== EXERCISE DETAILS ==
No pictures in the copy. Write out the listing below exactly.

------ RAW DATA

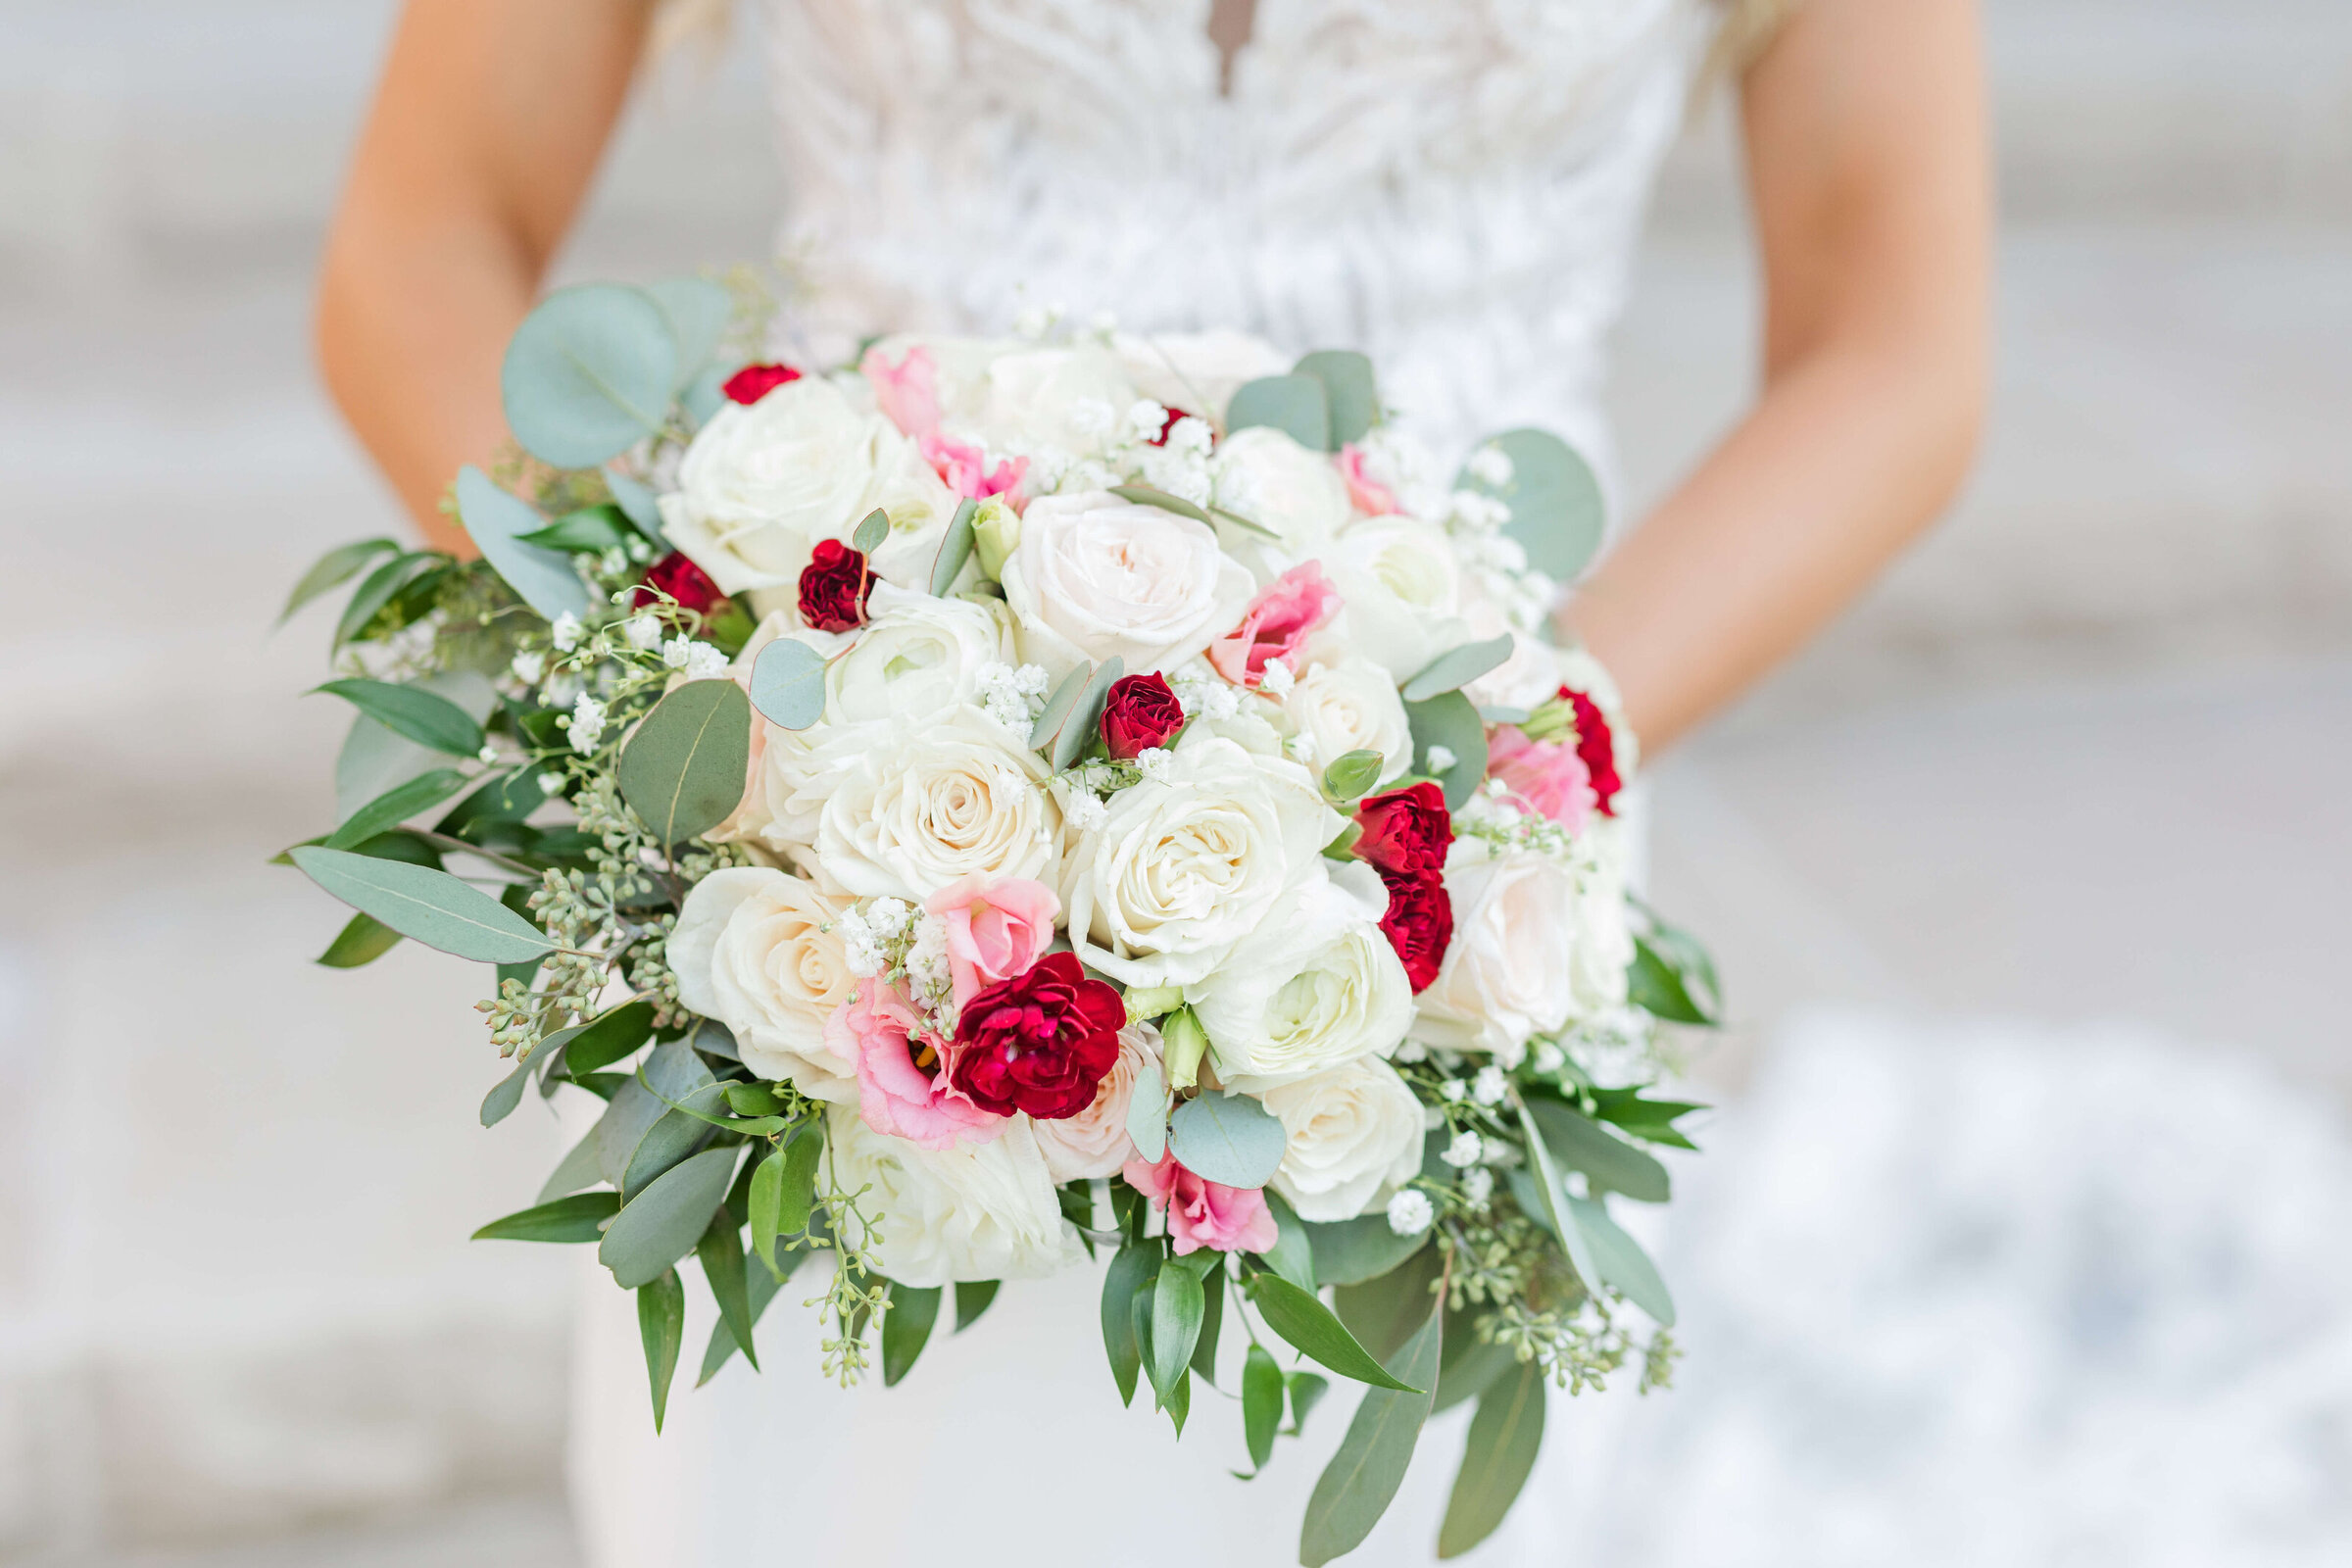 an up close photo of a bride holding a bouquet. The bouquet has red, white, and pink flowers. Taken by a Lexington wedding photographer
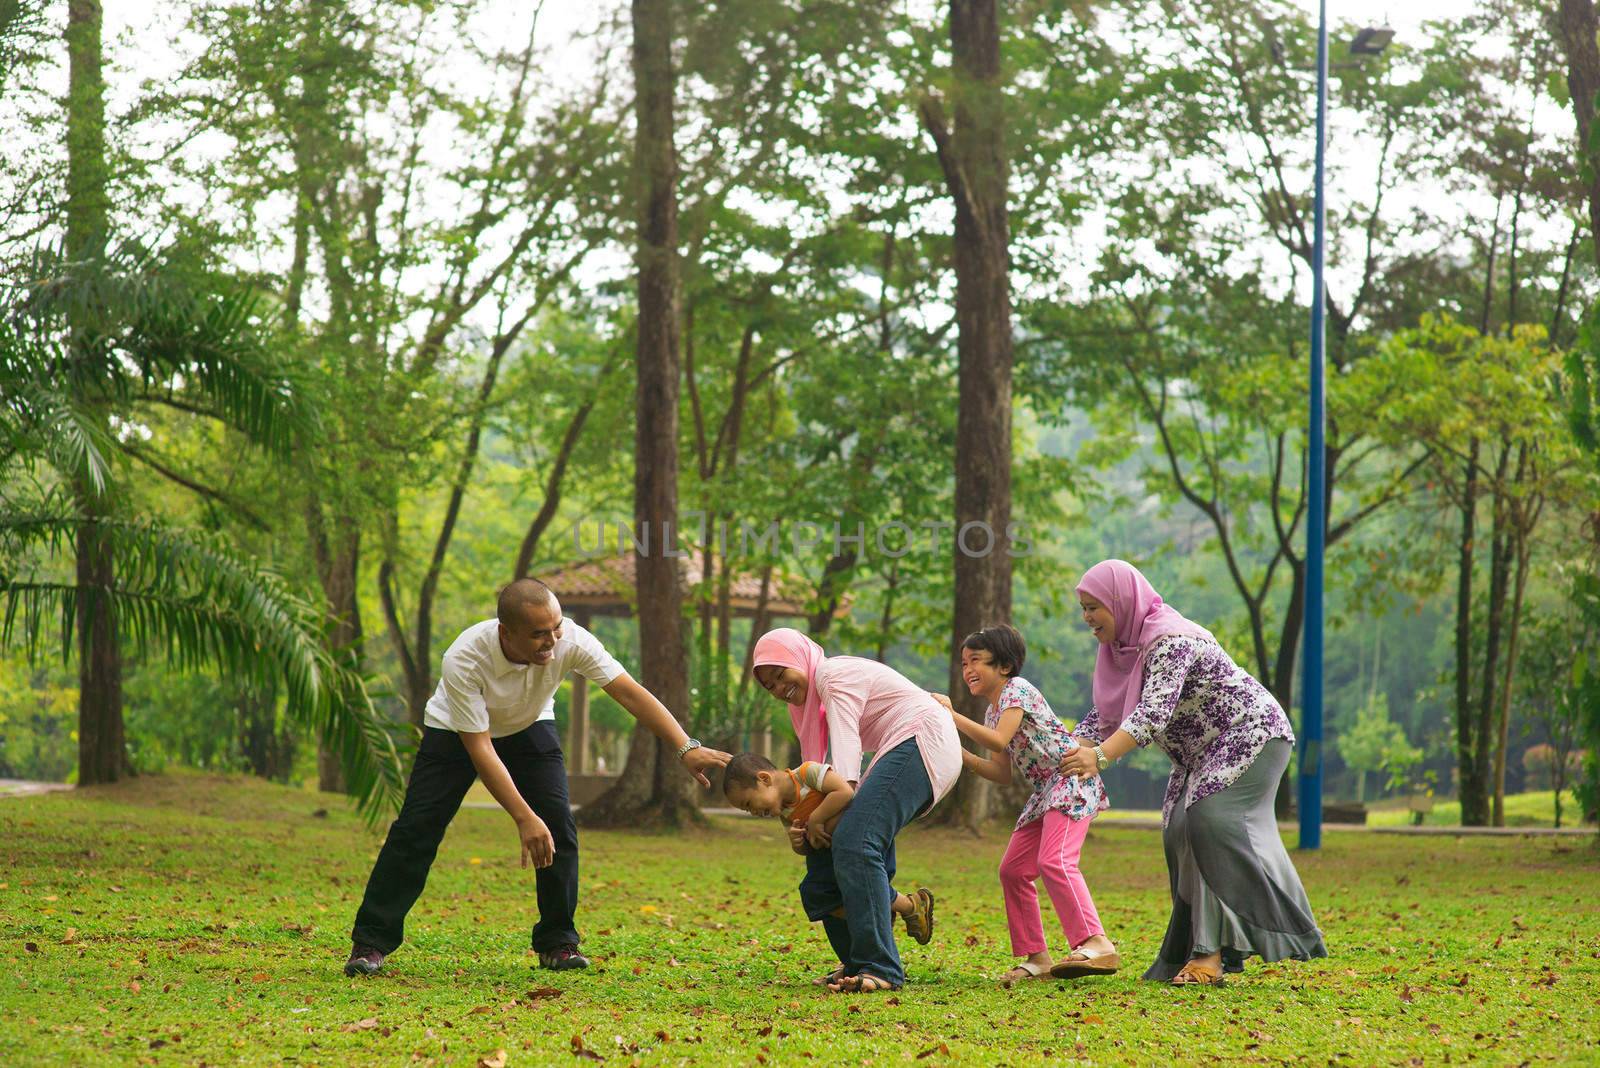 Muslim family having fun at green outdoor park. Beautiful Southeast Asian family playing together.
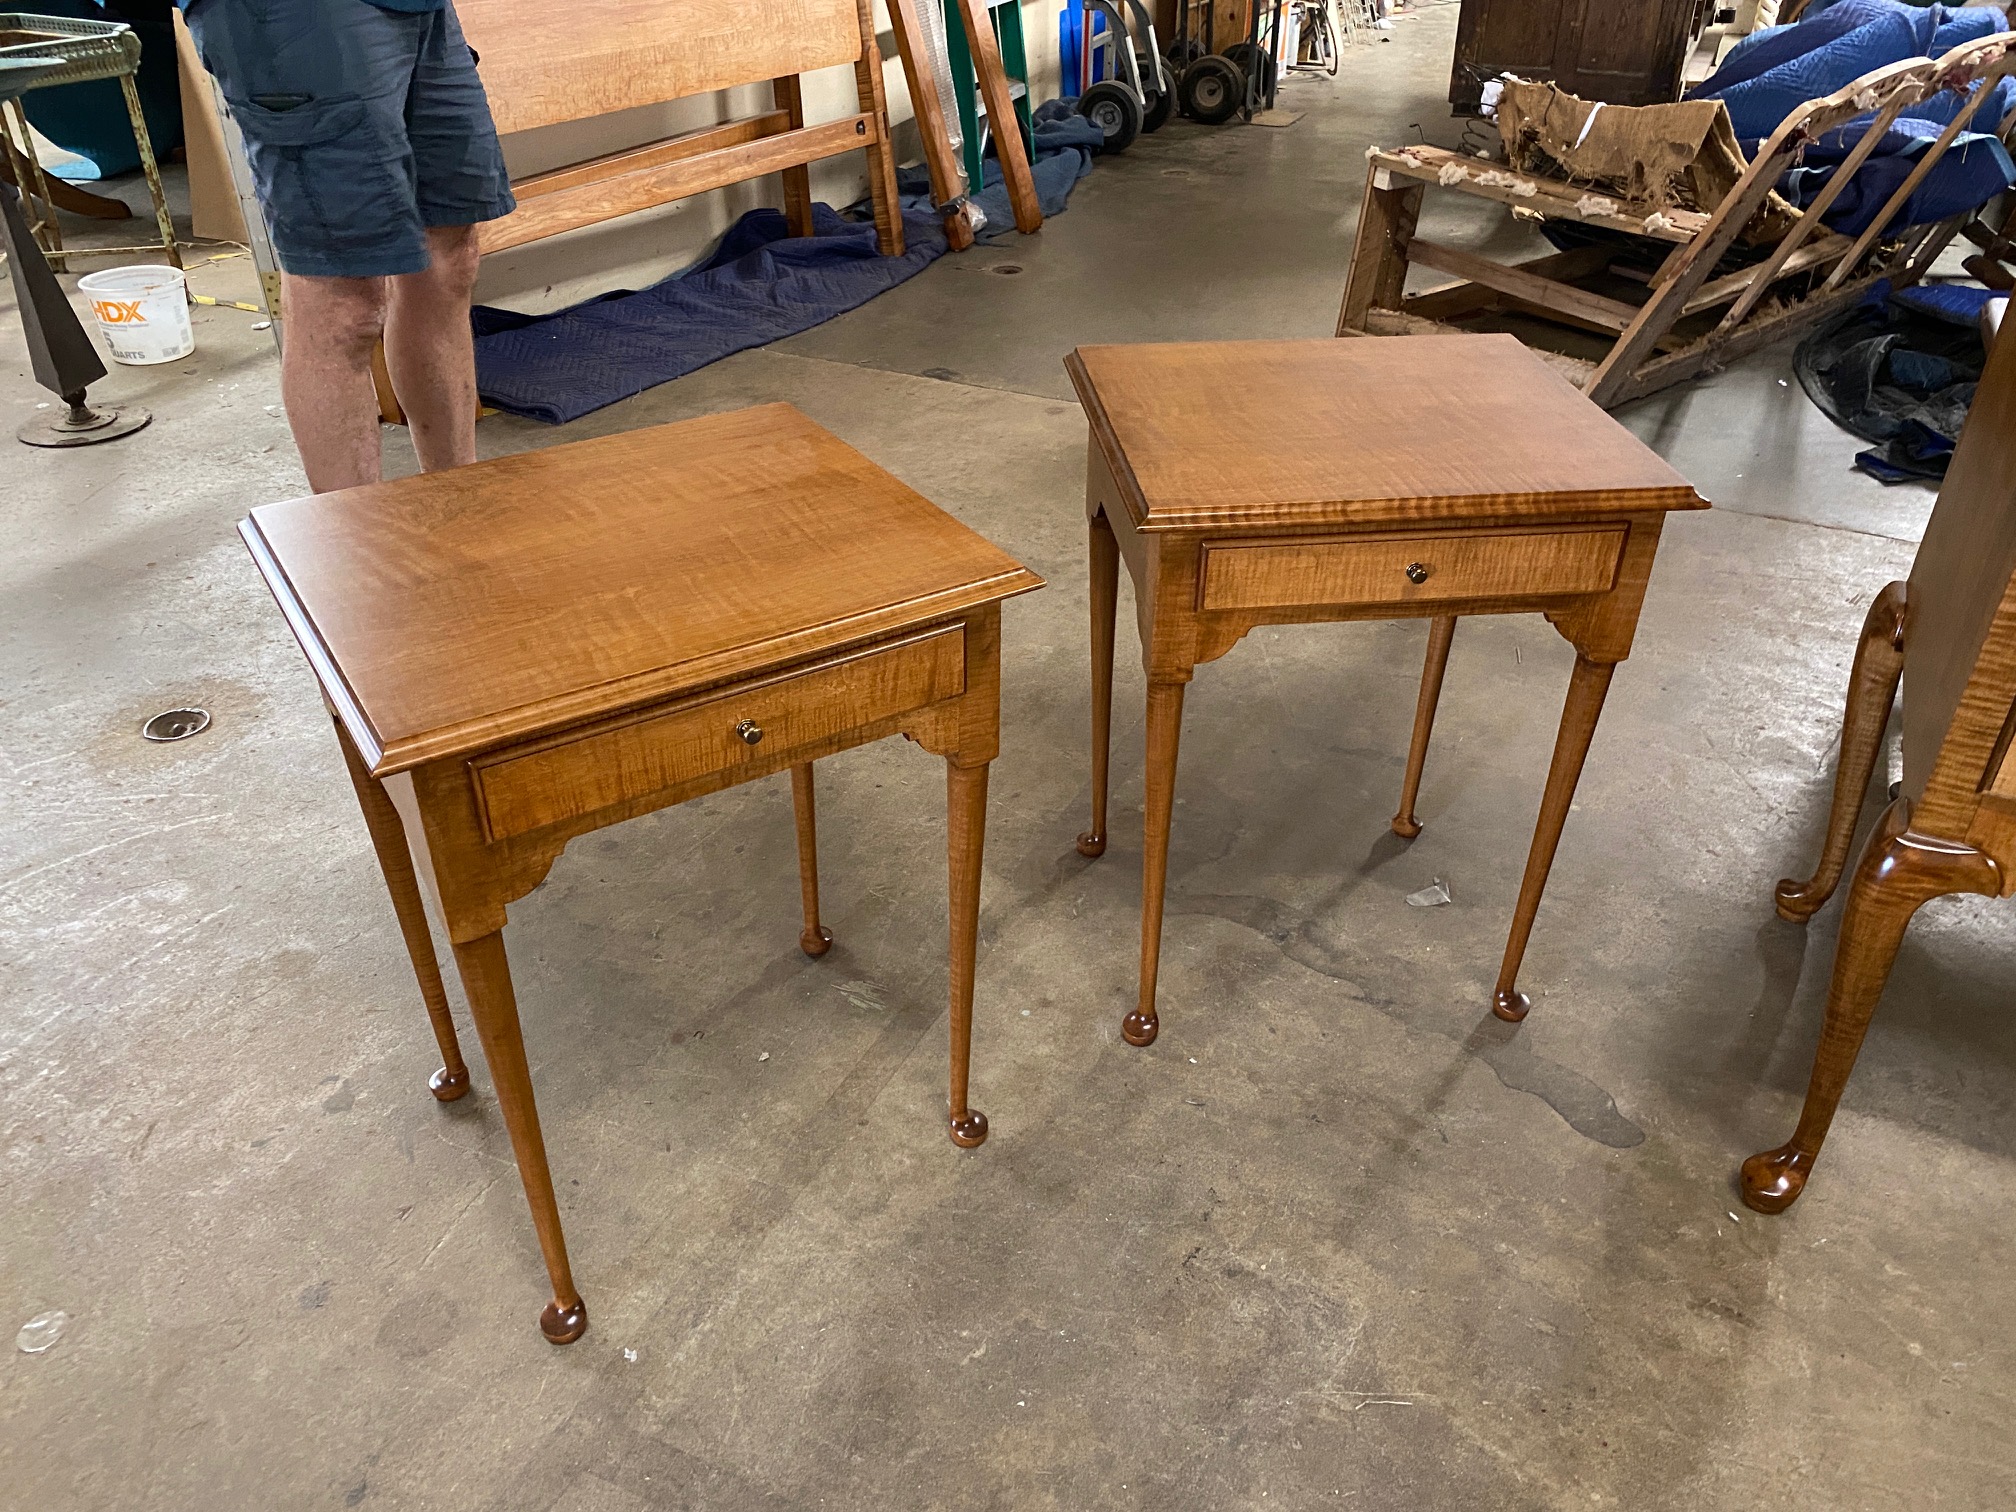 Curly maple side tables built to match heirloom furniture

------------

== YOUR RESPONSE ==
 an up close photo of a bride holding a bouquet. The bouquet has red, white, and pink flowers. Taken by a Lexington wedding photographer
 Muslim family having fun at green outdoor park. Beautiful Southeast Asian family playing together.
 Curly maple side tables built to match heirloom furniture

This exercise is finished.